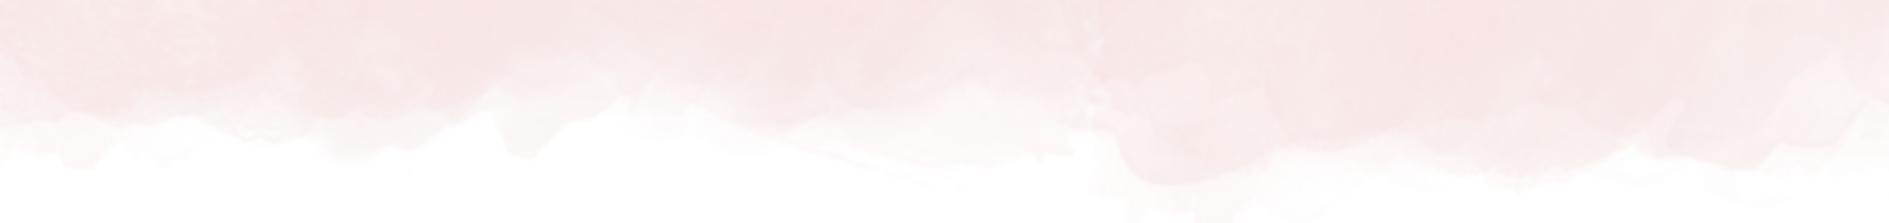 pinkgradienttopofpage.png
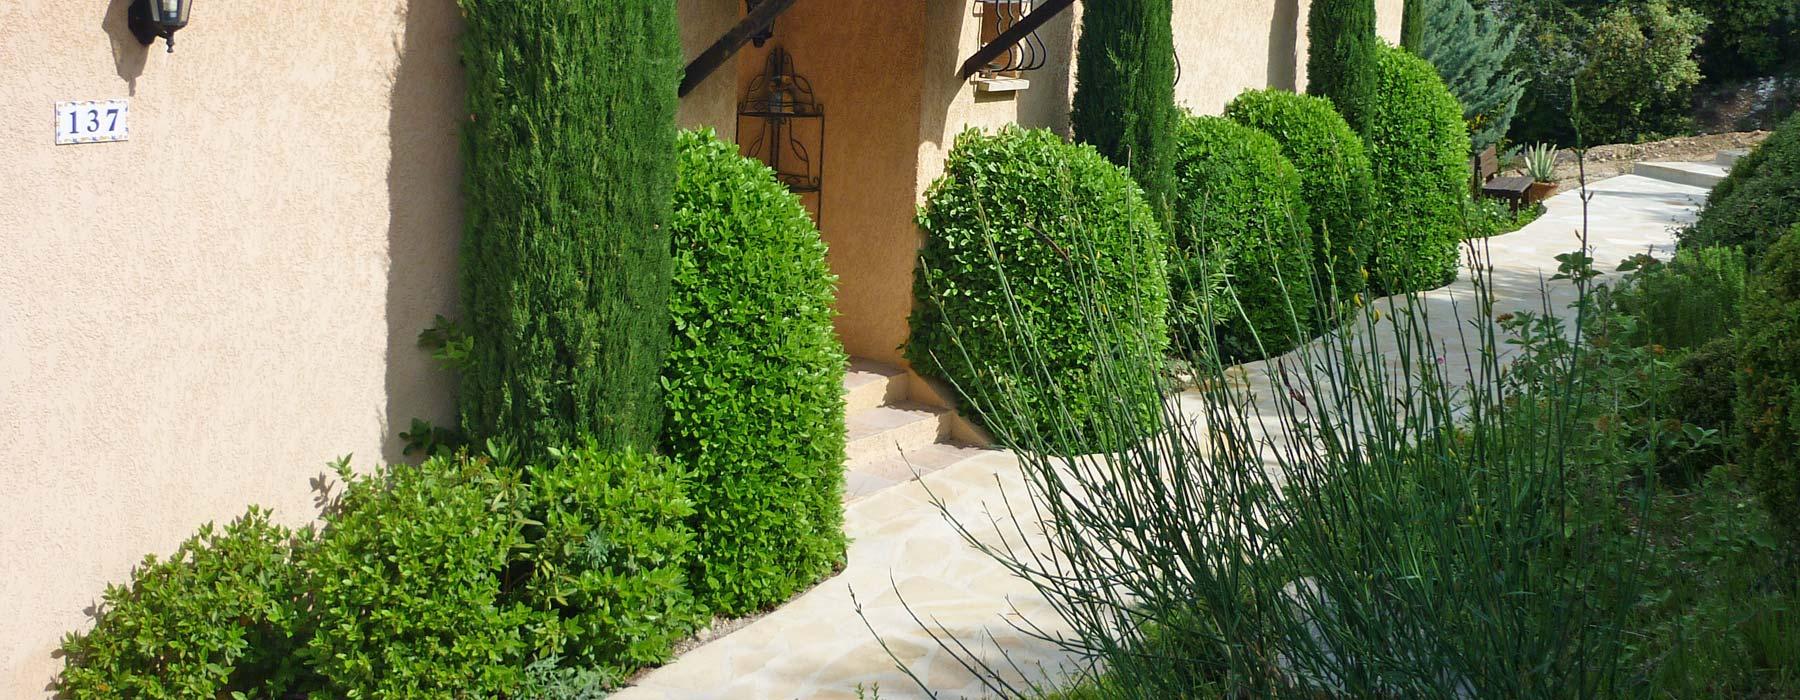 Bernard teste paysagiste en dr me et vaucluse cr ation for Entretien de jardins
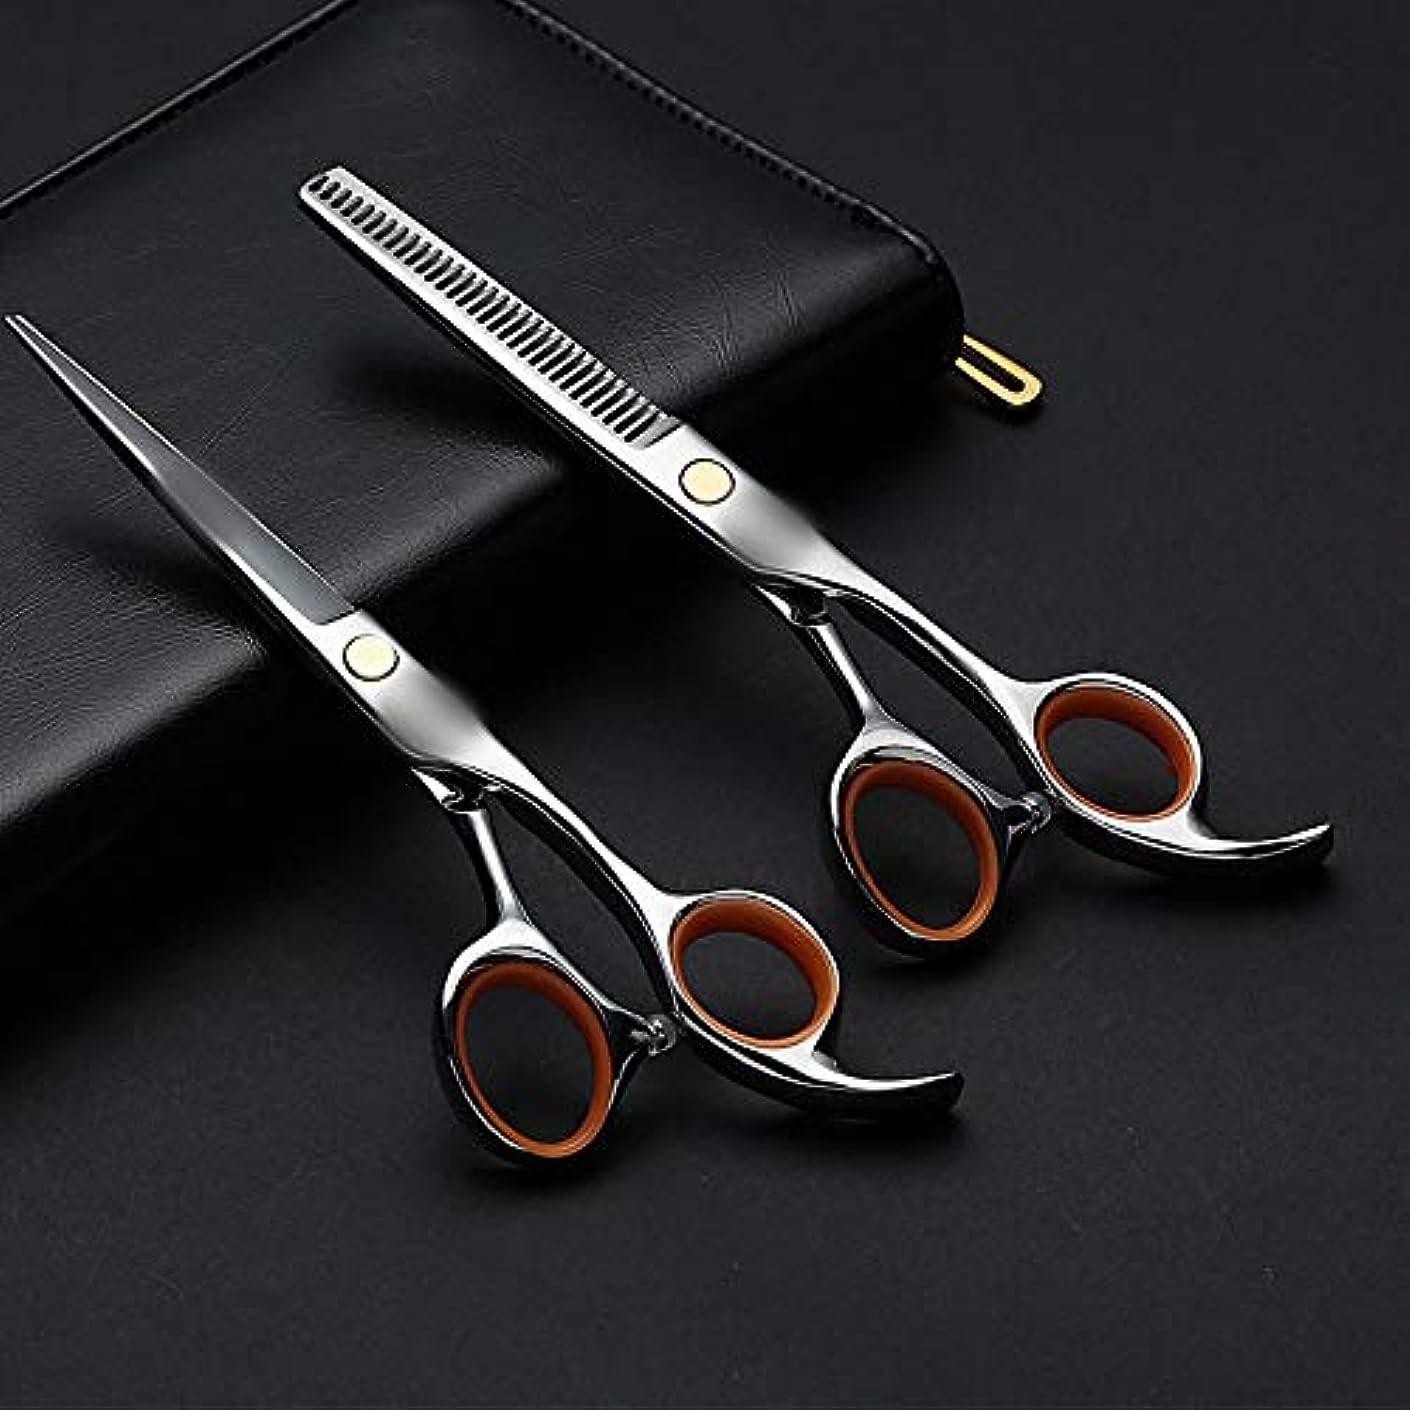 くちばしを除く活気づく6.0インチの専門の理髪はさみ、平らなシザー+歯はさみ理髪セット モデリングツール (色 : Silver)
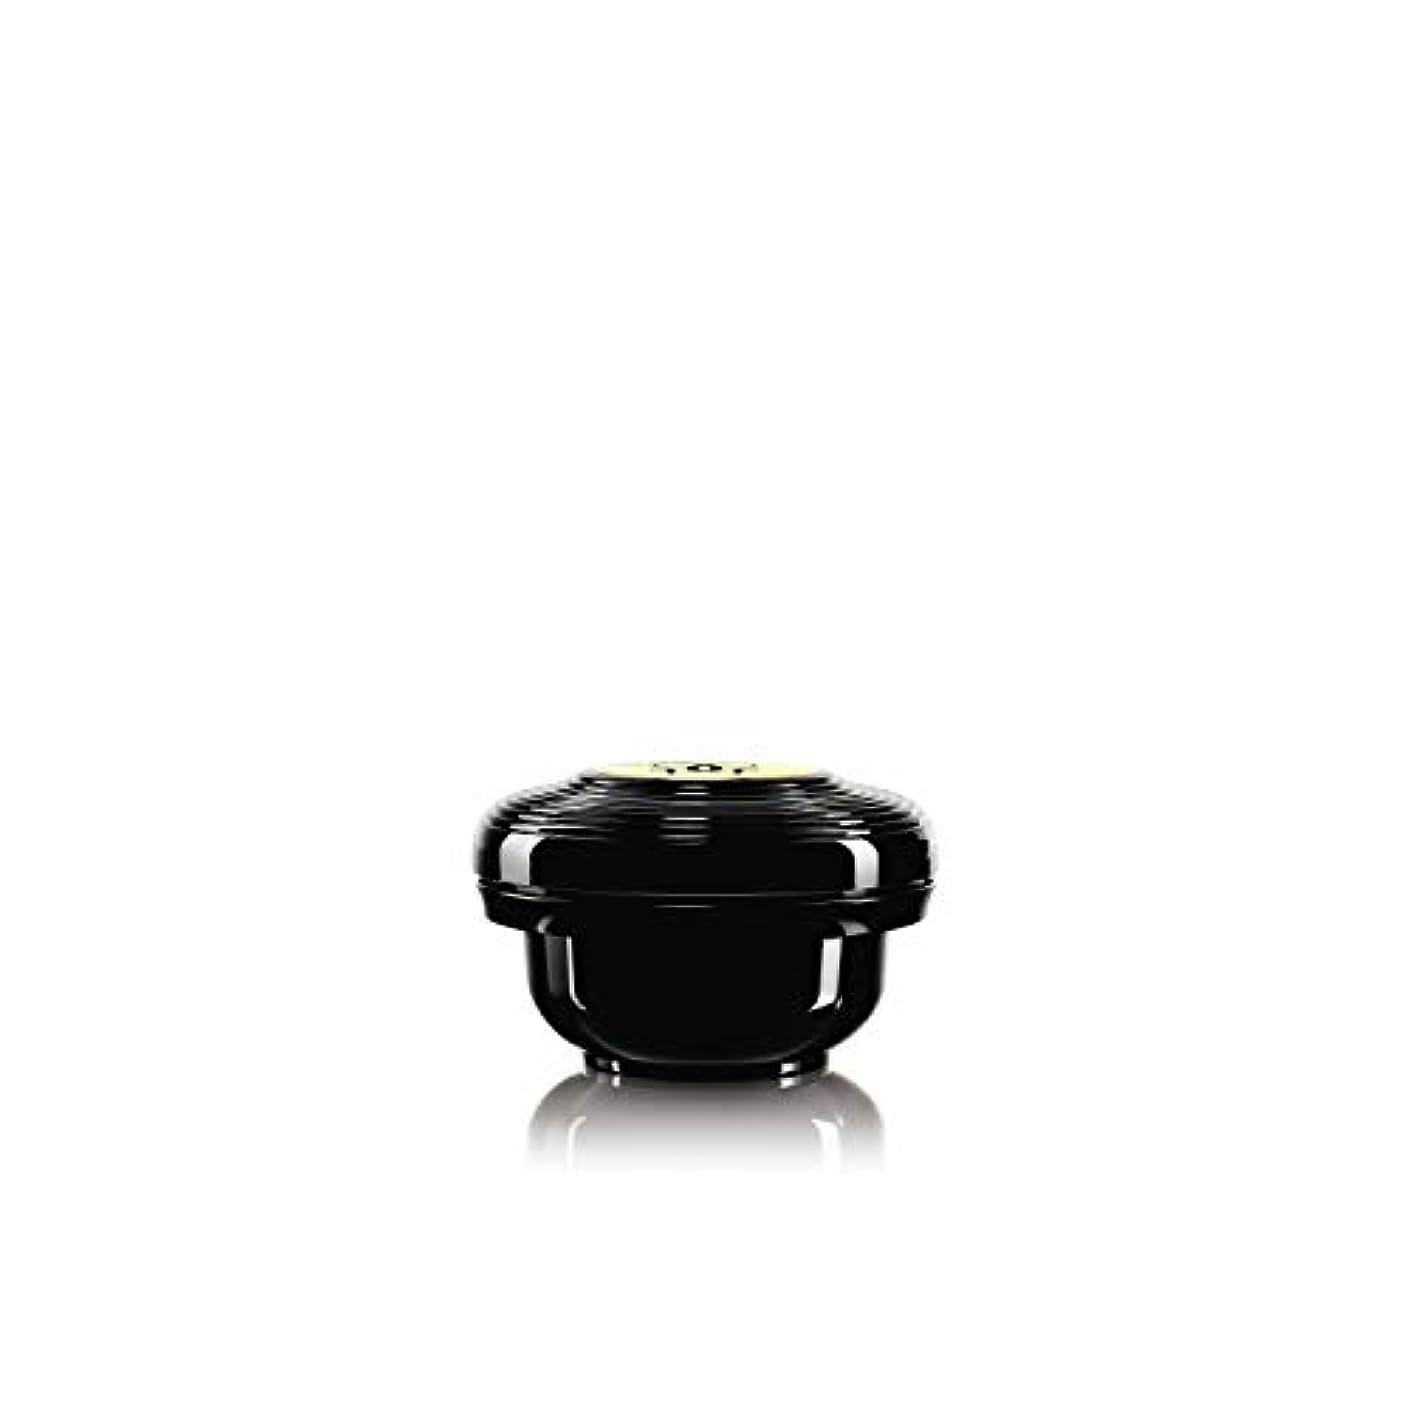 どこか愛情深いレンズ【GUERLAIN(ゲラン)】オーキデ アンペリアル ブラック クリーム ベルナルド(リフィル)50mL/クリーム

* **Task item**
Keep every word of the material exactly as given. Drop the pictures.

* **Task output**
 pinkgradienttopofpage.png
 Bernard teste paysagiste en dr me et vaucluse cr ation for Entretien de jardins
 くちばしを除く活気づく6.0インチの専門の理髪はさみ、平らなシザー+歯はさみ理髪セット モデリングツール (色 : Silver)
 どこか愛情深いレンズ【GUERLAIN(ゲラン)】オーキデ アンペリアル ブラック クリーム ベルナルド(リフィル)50mL/クリーム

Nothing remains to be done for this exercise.